На обратном пути из Царского Села Столыпин, хотя и был взволнован, но казался облегченным, имея уже позади эту мучительную задачу. Он считал, что с Распутиным покончено. Я не был в этом так уверен. Прежде всего, мне в этом деле не нравилось, что царь дал слово лишь за себя, а не за царицу также. Но кроме того я знал, что царь легко попадает под влияние своего окружения, к которому я относился без большого доверия. Характер моей деятельности неизбежно заставлял меня быть недоверчивым…

Поэтому я не только не прекратил наблюдение за Распутиным, а, наоборот, предписал даже усилить его. Ближайшие же дни подтвердили правильность моих опасений.

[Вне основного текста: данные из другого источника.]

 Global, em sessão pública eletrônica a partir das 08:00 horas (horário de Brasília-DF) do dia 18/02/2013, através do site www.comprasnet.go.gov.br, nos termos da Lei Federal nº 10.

Мои агенты сообщали, что Распутин не только не прекратил своих визитов к Вырубовой, но даже особенно зачастил с поездками туда. Были установлены и случаи его встреч там с государыней.

Чтобы положить конец этому положению, становящемуся положительно нестерпимым, я предложил Столыпину выслать Распутина в административном порядке в Сибирь. По старым законам, Столыпину как министру внутренних дел единолично принадлежало право бесконтрольной высылки в Сибирь лиц, отличающихся безнравственным образом жизни, Этим законом давно уже не пользовались, но формально отменен он не был, и возможность воспользоваться им существовала полная. После некоторых колебаний, вызванных опасением огласки, Столыпин дал свое согласие, но поставил обязательным условием: чтобы Распутин был арестован не в Царском Селе, дабы в случае, если это дело все же получит огласку, его никак нельзя было поставить в связь с царской семьей.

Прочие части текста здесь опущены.